- **Activity**: Beginning with the line that holds "Free World of Battles Wallpaper in 1920x1080" and finishing with the line that holds "Marshall Blecher And", repeat the listing exactly, leaving every picture out.

- **Data extracts**:
··········

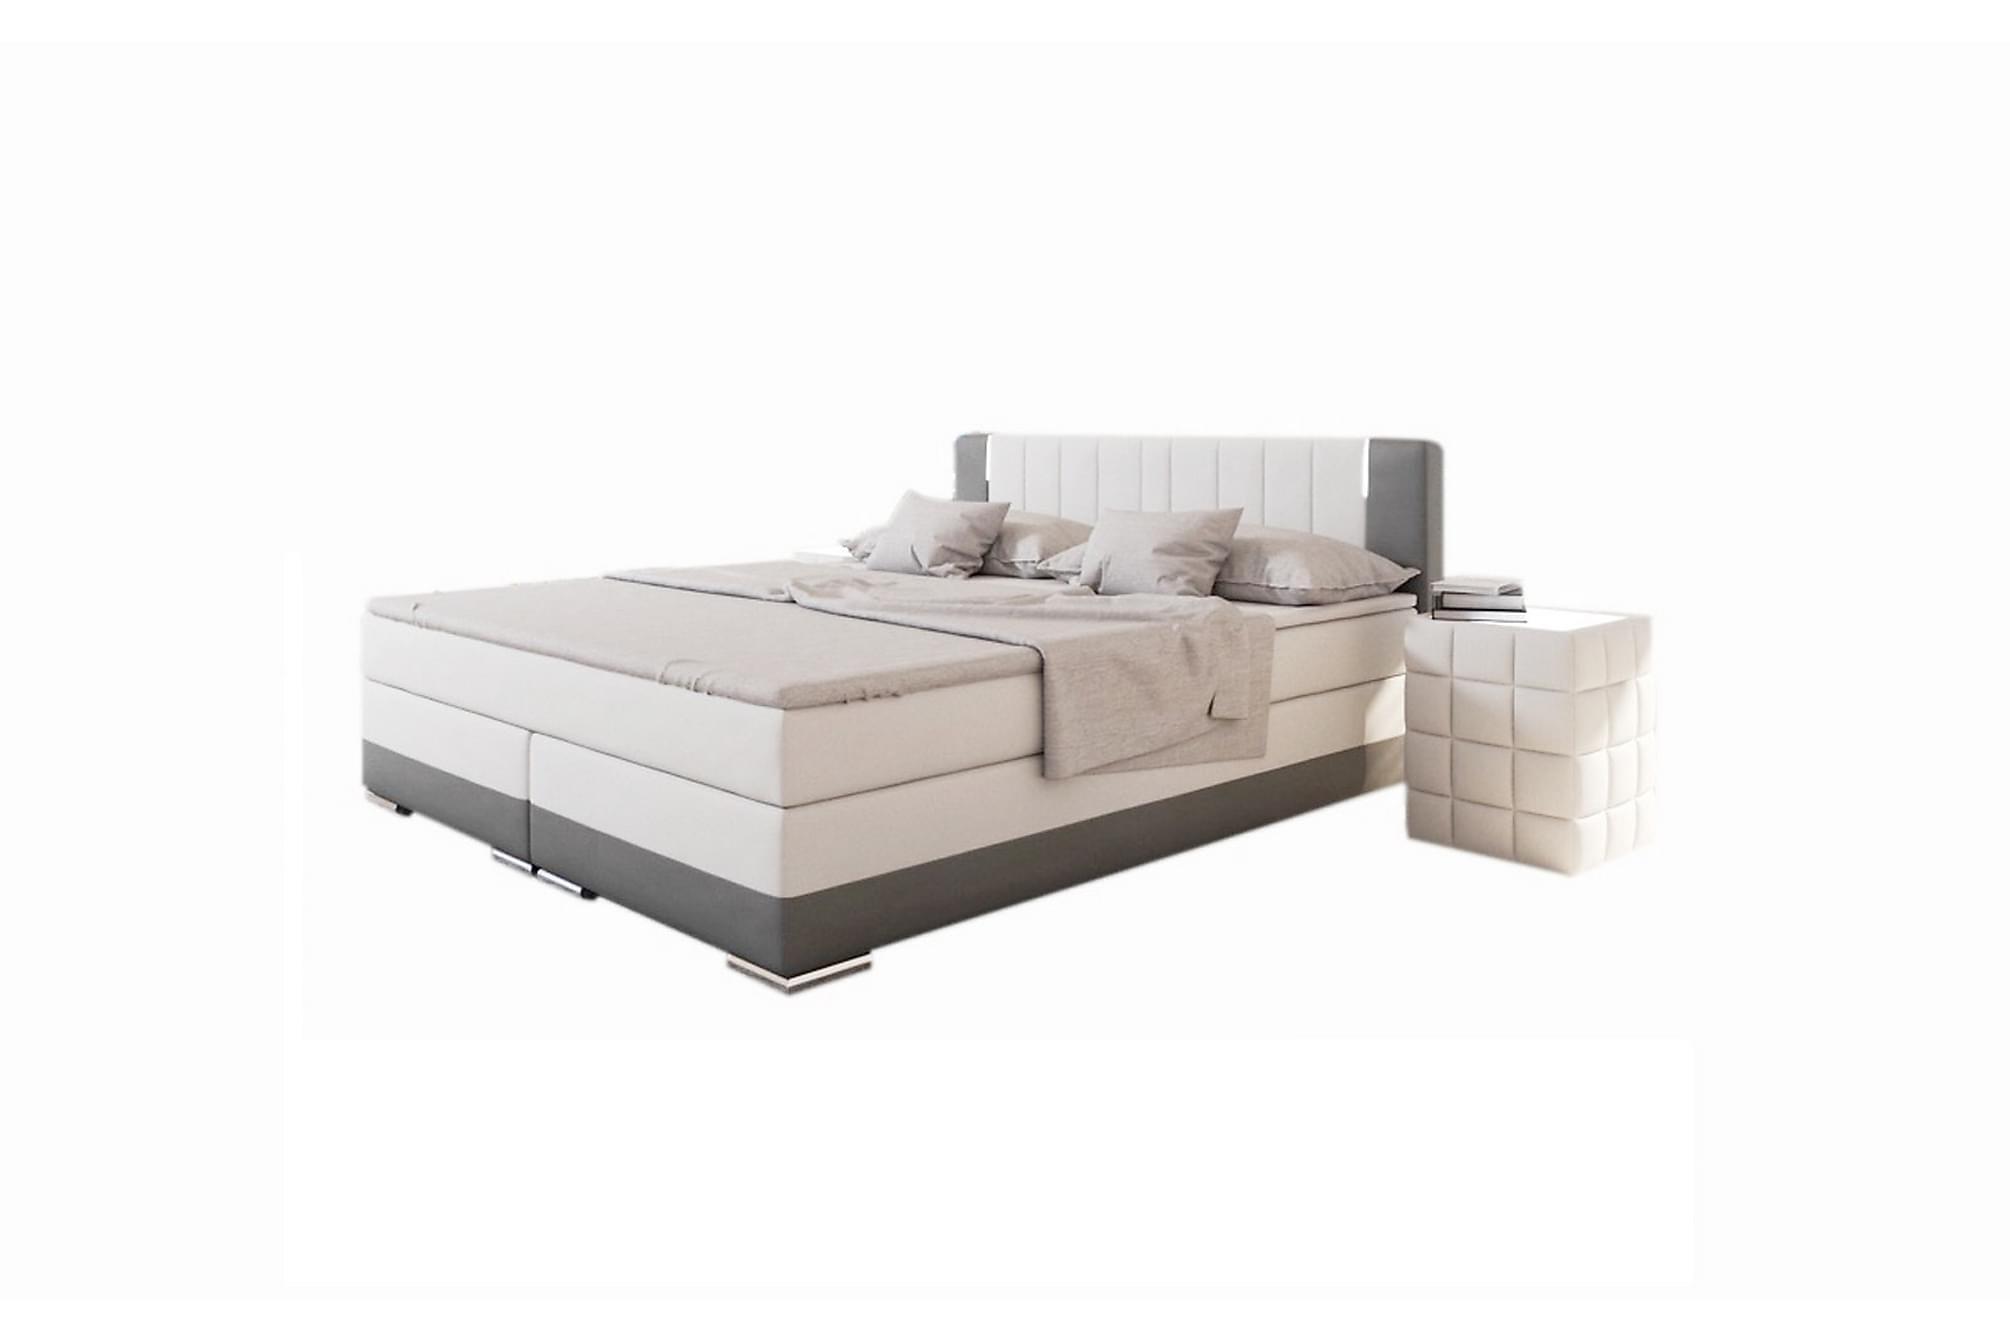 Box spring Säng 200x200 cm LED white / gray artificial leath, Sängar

··········

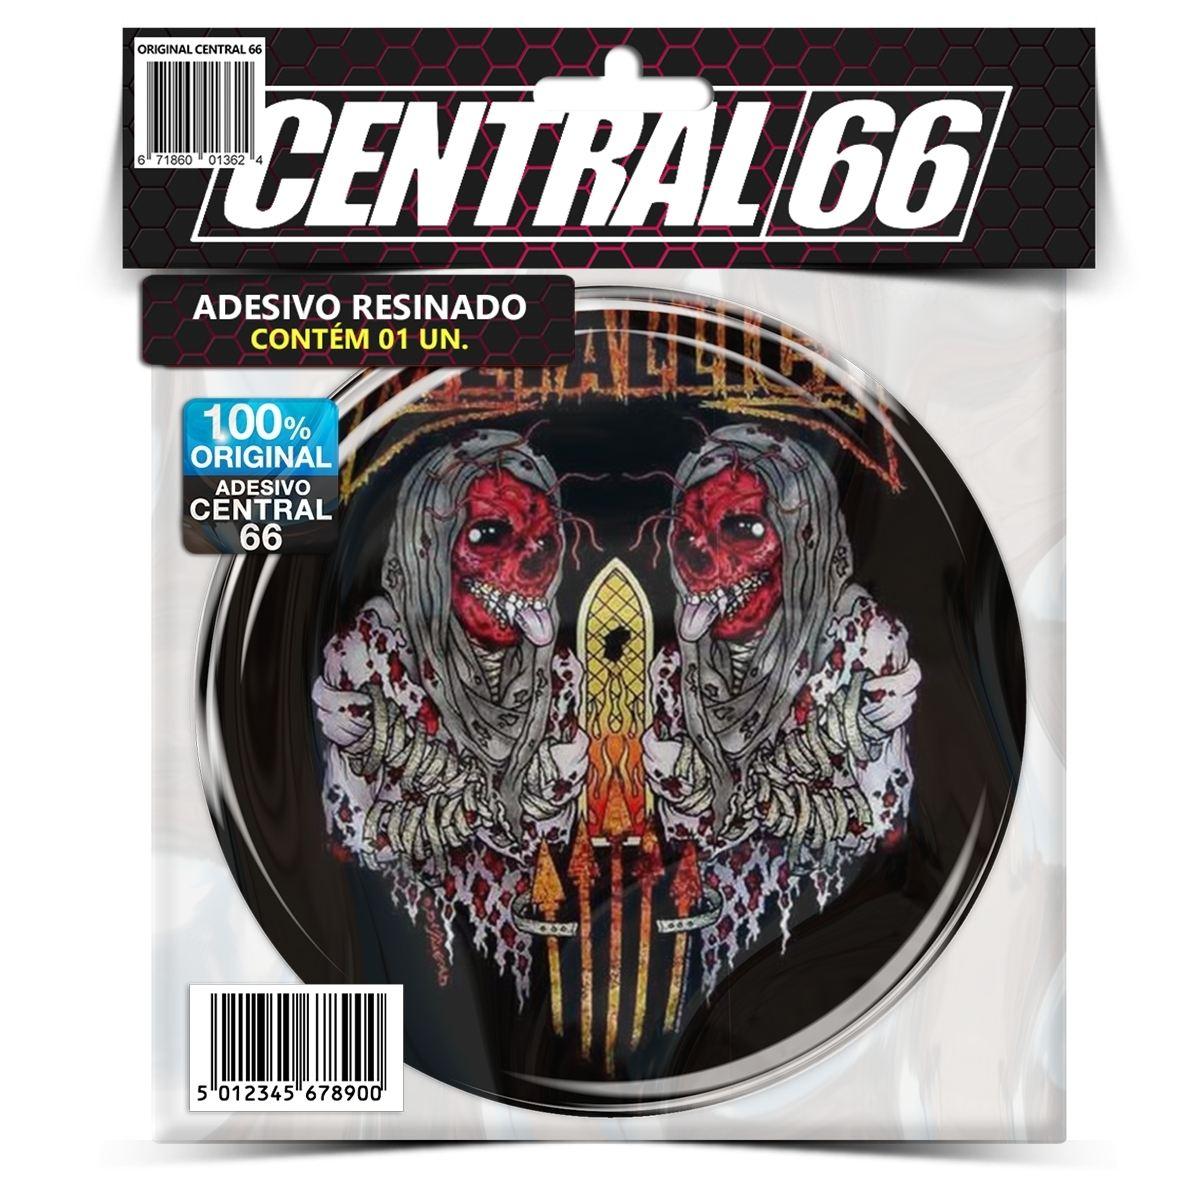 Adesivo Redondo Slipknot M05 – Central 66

··········

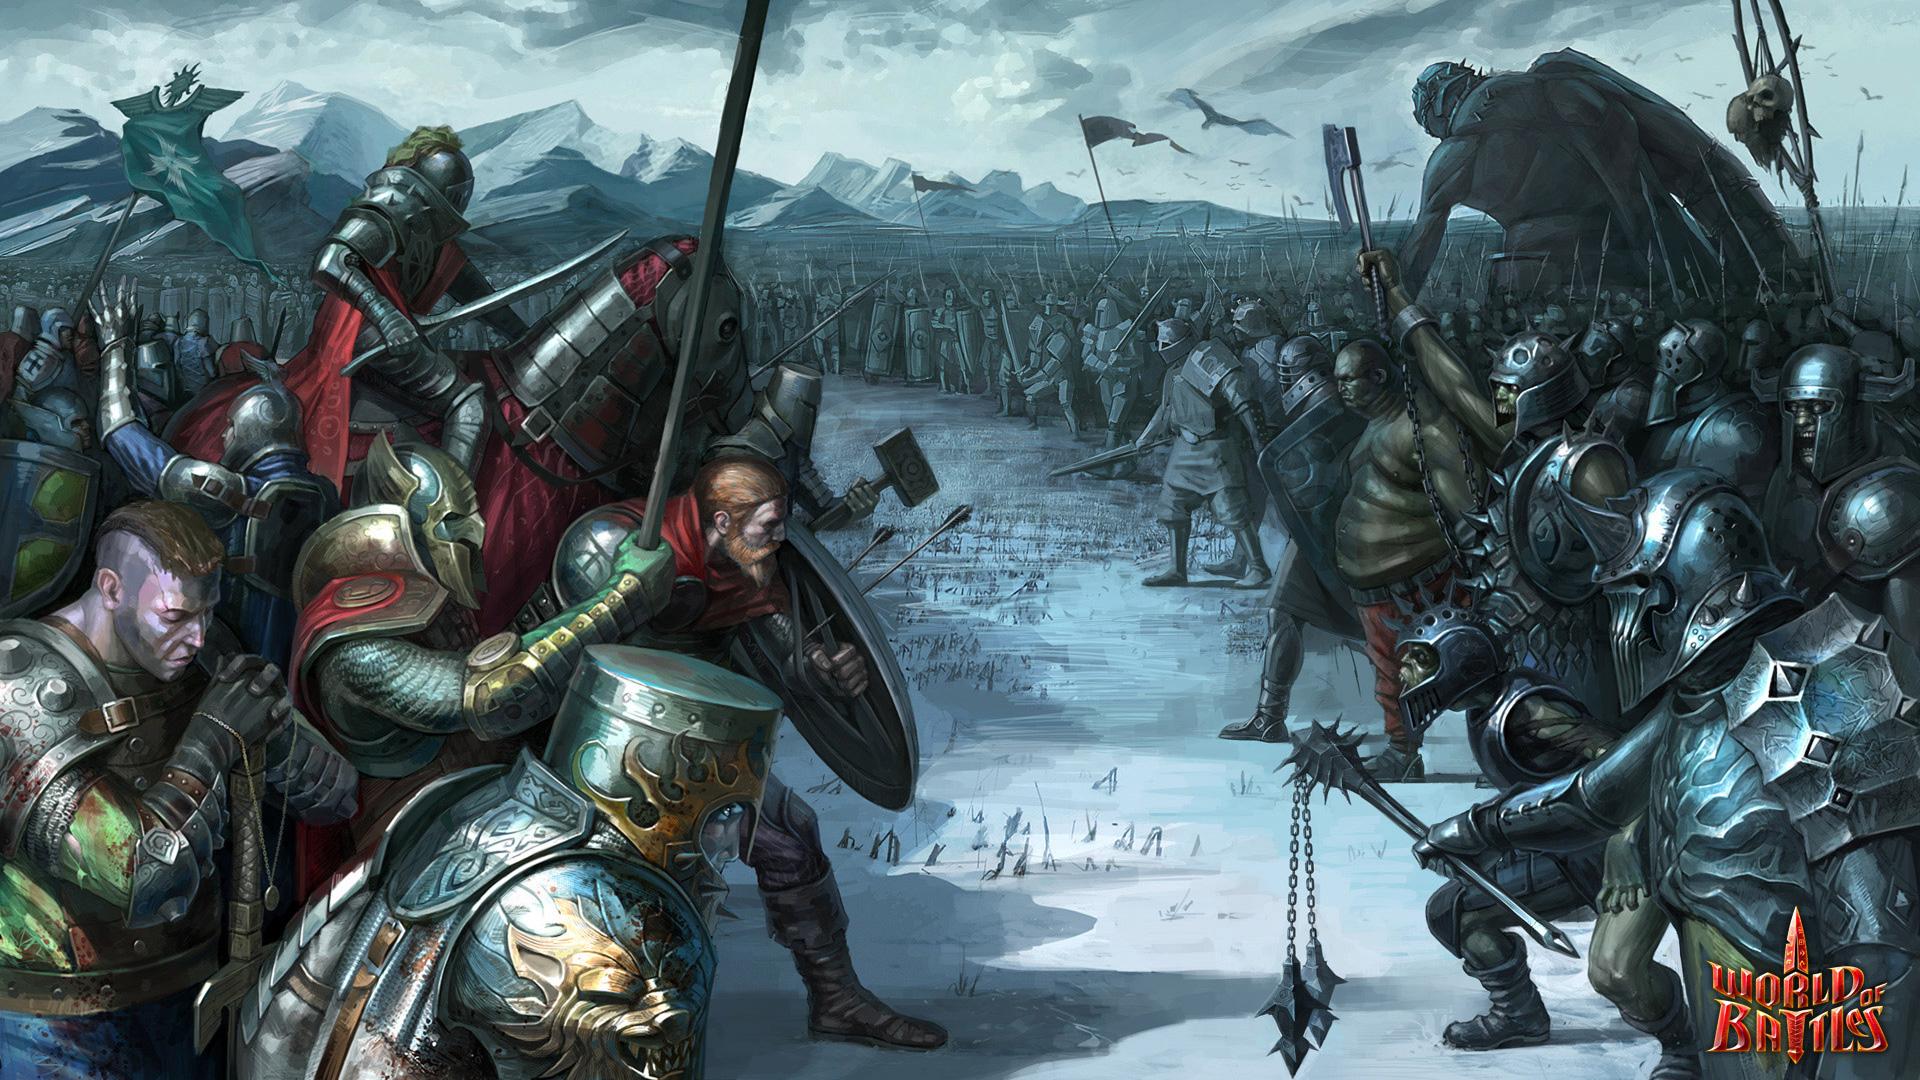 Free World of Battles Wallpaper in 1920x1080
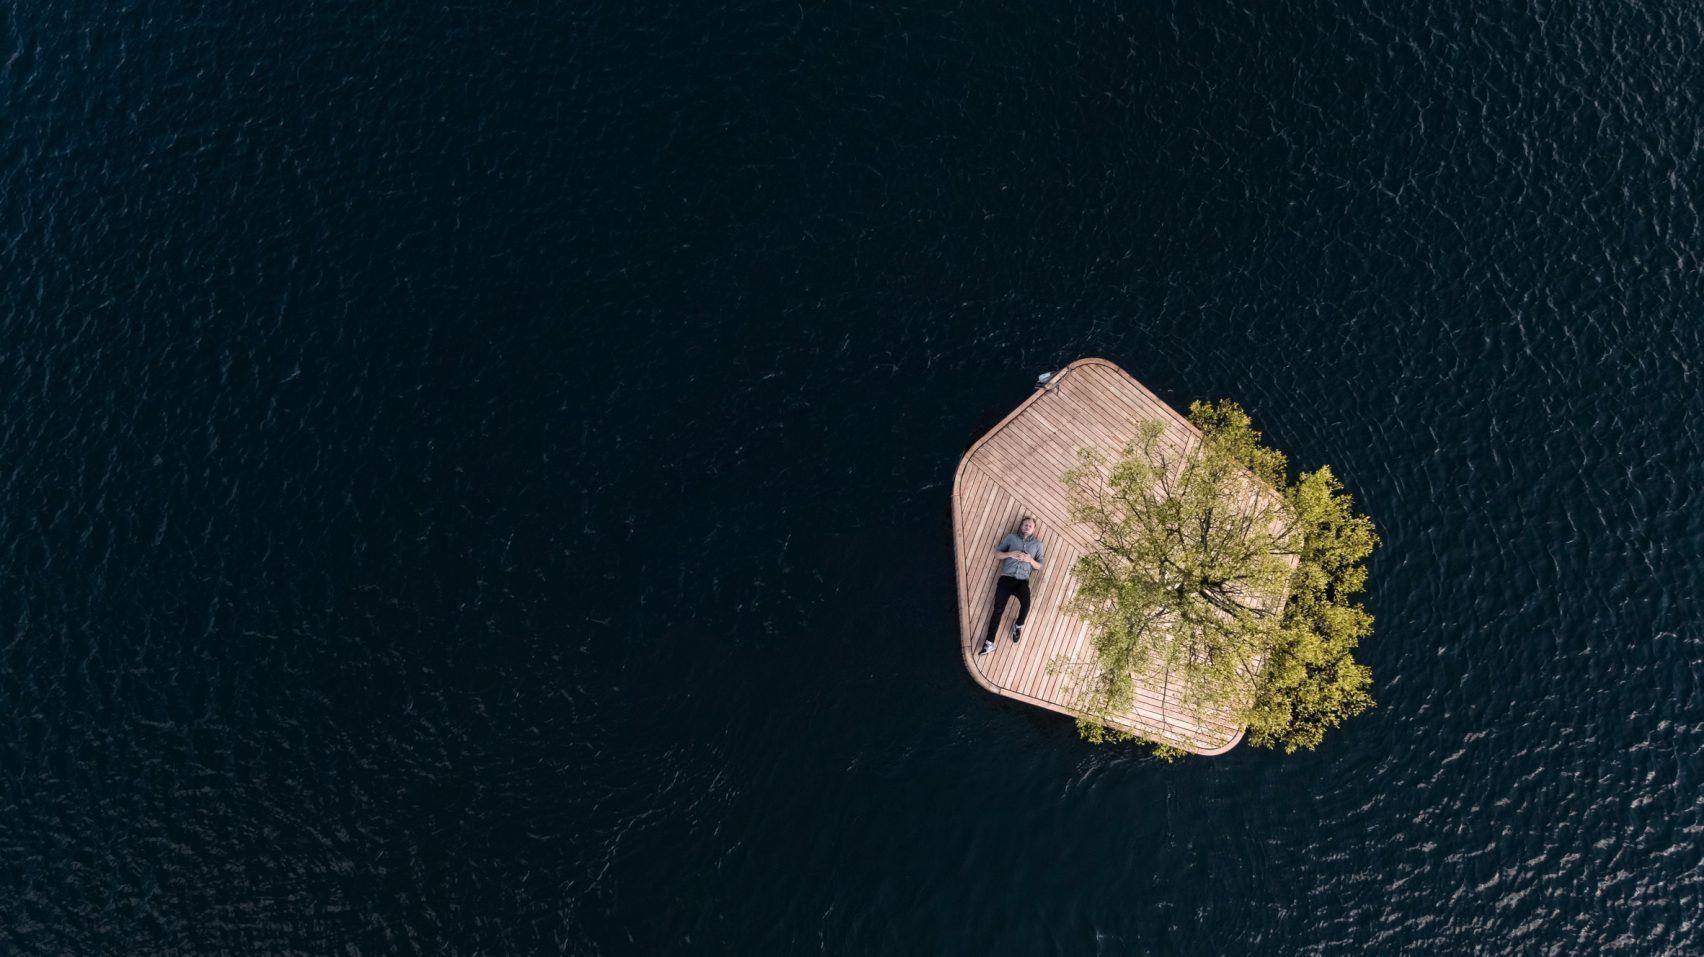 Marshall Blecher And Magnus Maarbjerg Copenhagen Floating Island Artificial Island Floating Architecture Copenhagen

··········

- **Exercise output**:
 Free World of Battles Wallpaper in 1920x1080
 Marshall Blecher And Magnus Maarbjerg Copenhagen Floating Island Artificial Island Floating Architecture Copenhagen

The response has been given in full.